On y trouve aussi tous les détails des constructions militaires : casernes, bastions, magasins à poudre, pavillons d’officiers, vie de la garnison, relation avec la population civile, réserves à prévoir en cas de siège, ainsi que les ordonnances royales prises au sujet de la citadelle. D’autres documents donnent des indications sur les fortins de Ponte Novo, Vivario, Prunelli et Vizzanova. On perçoit ainsi la vie quotidienne de ces officiers ingénieurs et de leurs soldats dans une suite continue de travaux et d’entrainement militaire. À Corte, on ne rencontre pas de grandes dates de batailles, mais une autre définition de l’art militaire, à la Sun Tzu, lorsqu’il écrit dans L’Art de la Guerre,
que la meilleure bataille gagnée, c’est celle qui n’a pas eu lieu, parce que l’adversaire, a compris qu’une attaque serait un échec. Dans cette citadelle, nous sommes dans la logique de la guerre de forteresse.
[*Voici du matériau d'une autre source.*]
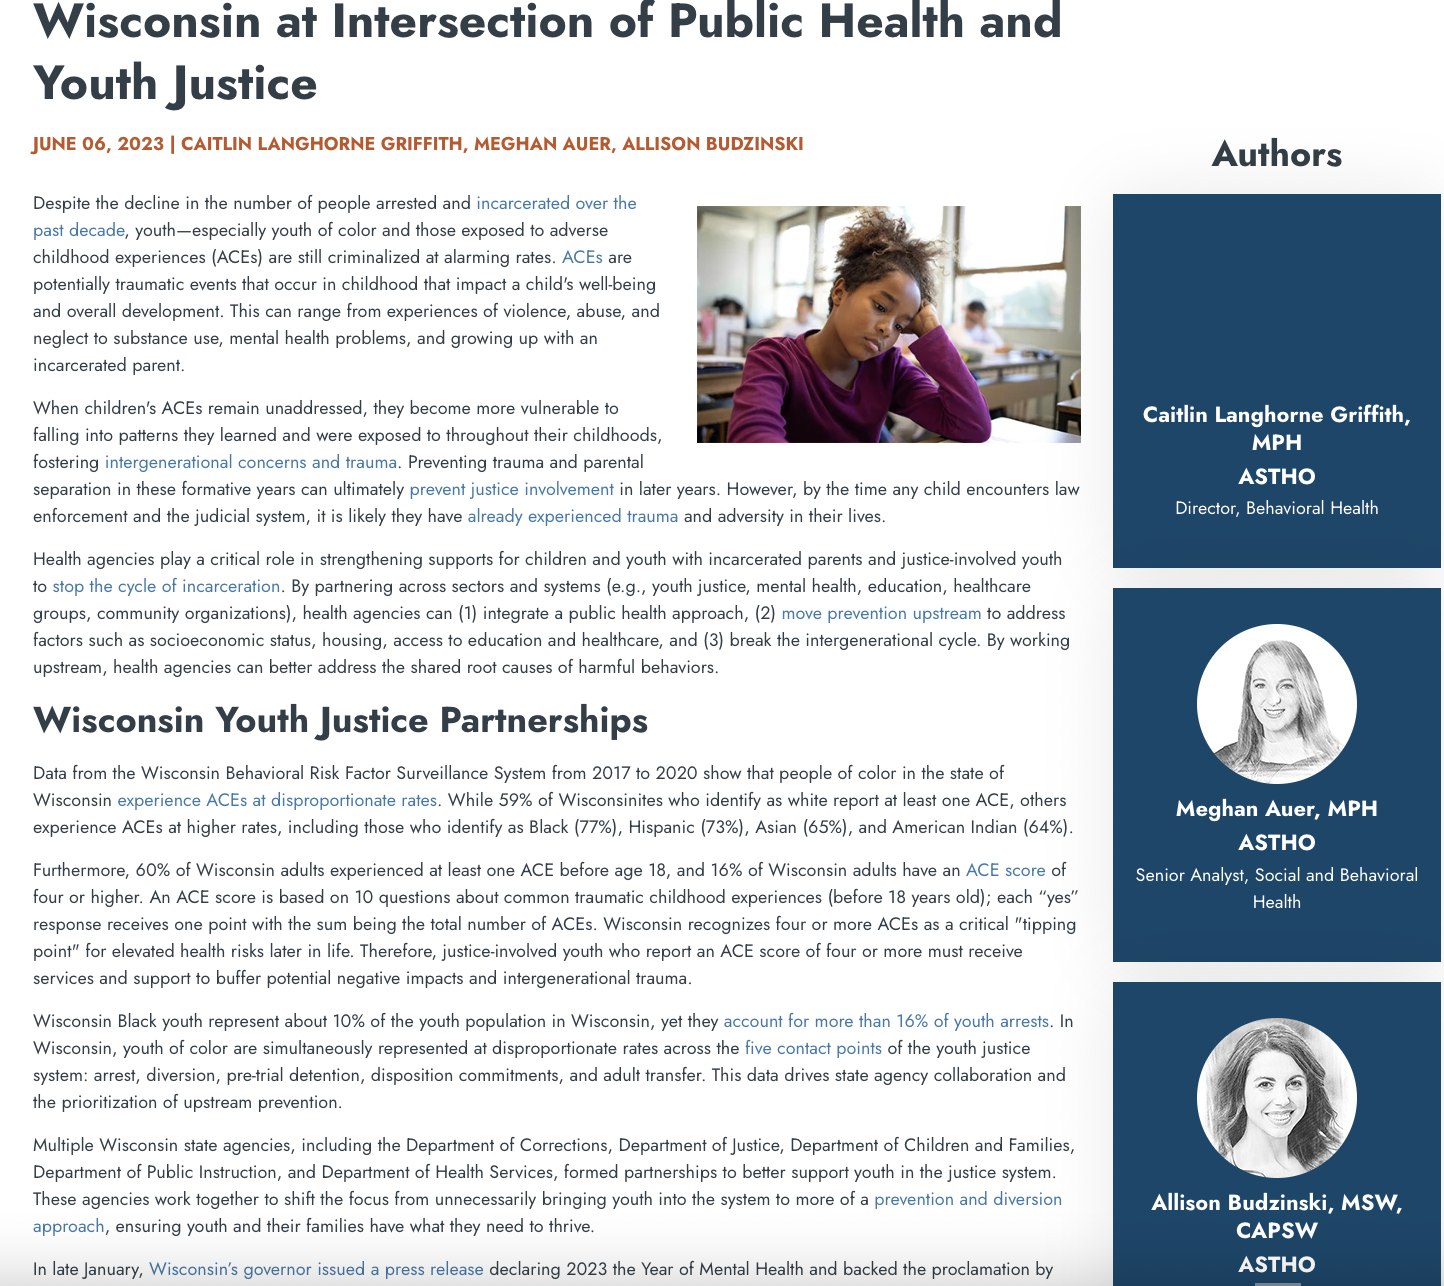 Wisconsin at the Intersection of Public Health and Youth Justice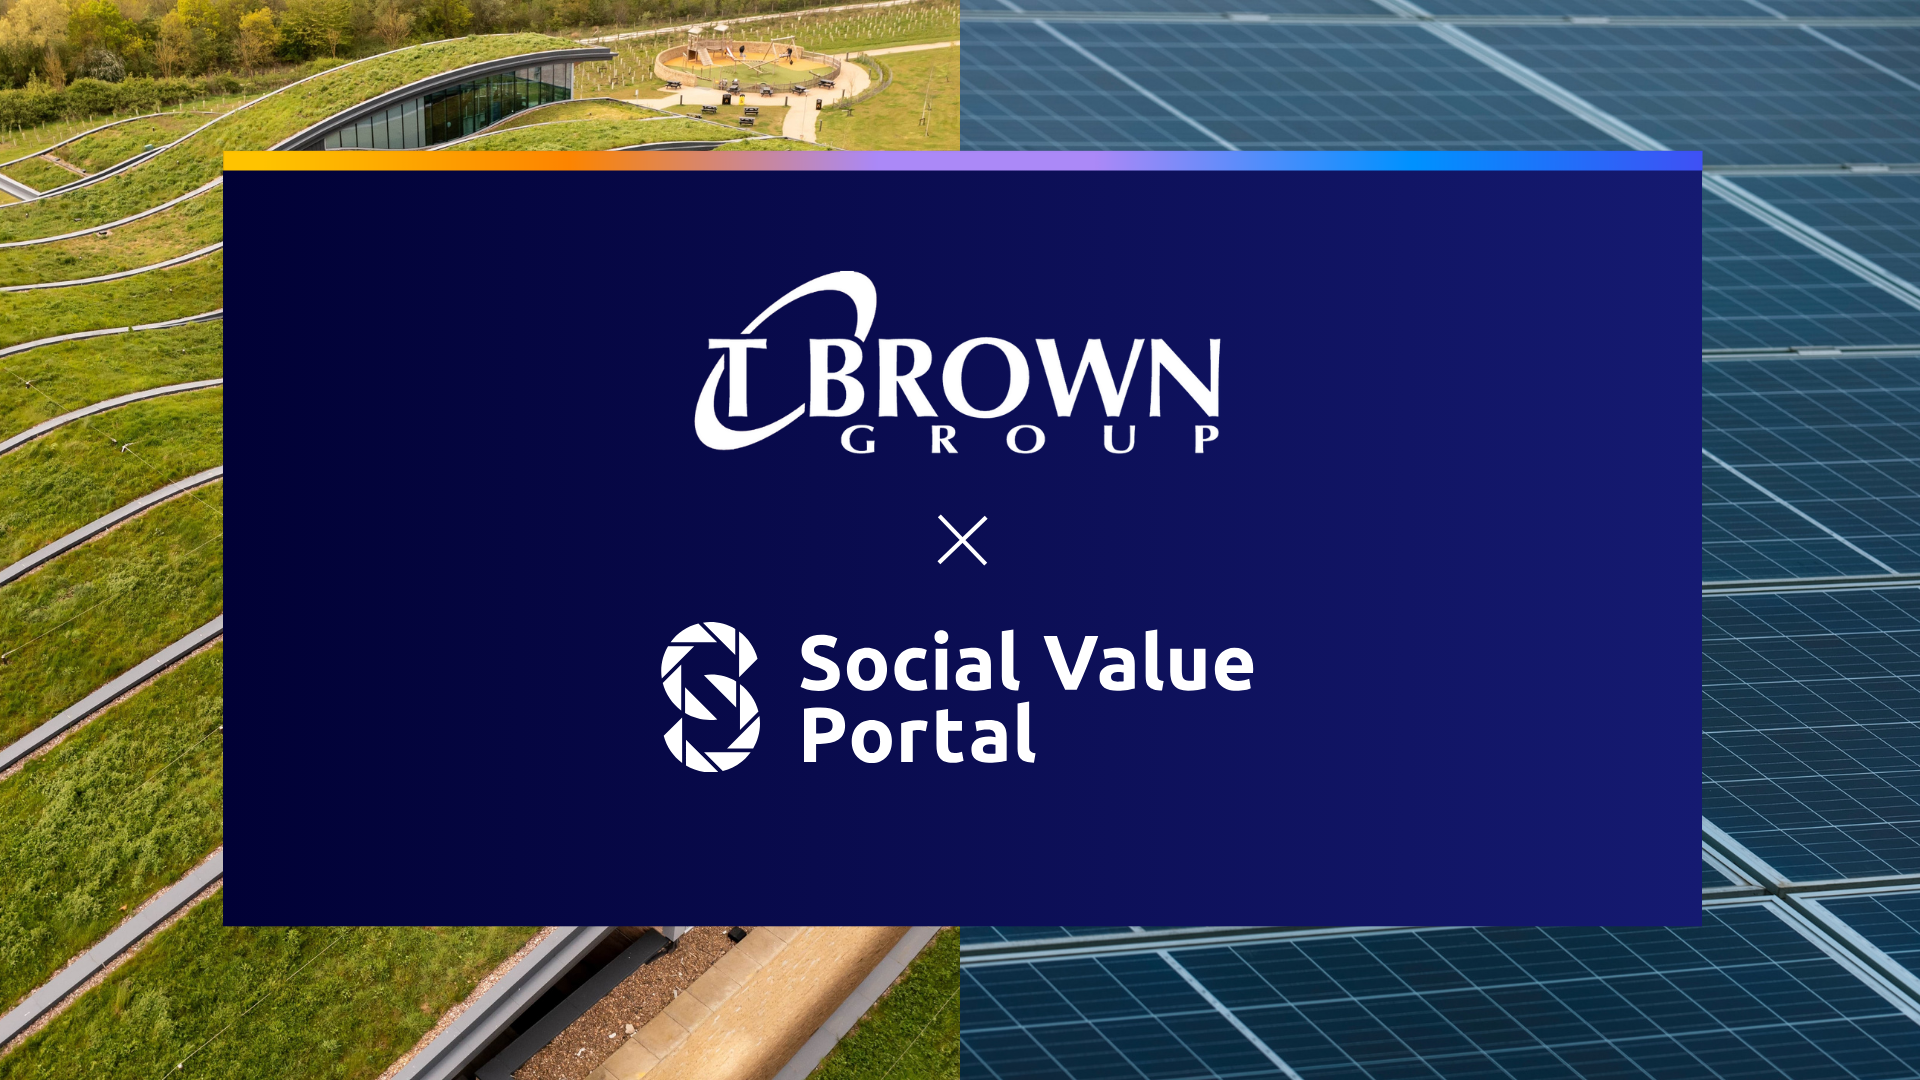 T Brown Group (TBG) and Social Value Portal

Le second type de guerre étant la guerre de mouvement. On a souvent du mal à imaginer ce que veut dire une attente en termes militaires. C’est non pas un repos, mais un état de veille, où il faut toujours se sécuriser, travailler, rester vif. La dernière guerre de la France avec l’Italie prendra fin au milieu du 20 e siècle. La Légion étrangère allait occuper la citadelle jusqu’au début des années La vie quotidienne était rodée. Tout avait, certainement été prévu. Les ingénieurs du génie qui devaient avoir aussi organisé un certain confort dans les logis. Le système d’organisation devait être réglé parfaitement jusque dans les moindres détails. Cela se sent d’ailleurs encore aujourd’hui. L’architecture, la pensée tactique a dû être puissamment réfléchie. Durant plus de cent ans, ces soldats vont améliorer les défenses, doter la citadelle de tous les perfectionnements techniques. Avec ce paysage superbe en toile de fond. C’est aussi de là que vient cette sensation romantique qui ressort de la visite de la citadelle et qui est magnifiée par les nouveaux arrangements. Bien sûr, on pourrait se demander si cette citadelle et cette garnison n’étaient pas d’un coût disproportionné par rapport à leur utilité. Était-elle réellement nécessaire ?
Certes, les fortifications épargnent le sang. Mais cette citadelle, faite de pierres, de chemins de ronde, de canonnières, correspondaient-elles à un véritable danger ? Il faut alors penser que la Corse n’a été vaincue par les armées du roi de France que par l’avantage du nombre et de l’artillerie. Les plans de la citadelle sont imaginés juste après de violents affrontements avec les indépendantistes. Et la France allait bientôt prendre les chemins de la Révolution et de l’Empire. C’est dans ce contexte que l’on peut percevoir l’utilité d’avoir une forteresse au centre de l’île, c’est la seule qui n’est pas sur la côte. Elle pouvait servir de base de soutien en cas d’invasion par exemple par les Anglais. La Citadelle de Corte est ainsi un des fleurons stratégiques de l’histoire de la Corse. Un de ses repères qui rappelle l’enjeu de cette Île de la Beauté au cœur de la Méditerranée, et qui n’a jamais été à l’abri de différentes menaces.

REPÈRES
Créé le 1er janvier 2005 par regroupement des anciens services historiques d’armées, le Service historique de la Défense est le lieu de conservation des archives des ministères chargés des affaires militaires depuis l’origine. Ressources documentaires de premier ordre, ses collections (450 km d’archives remontant au XVII e siècle, près d’un million d’ouvrages), représentent une part de la mémoire de la Nation. Aujourd’hui conservées à Vincennes, les archives du génie militaire étaient auparavant consultables dans chaque département.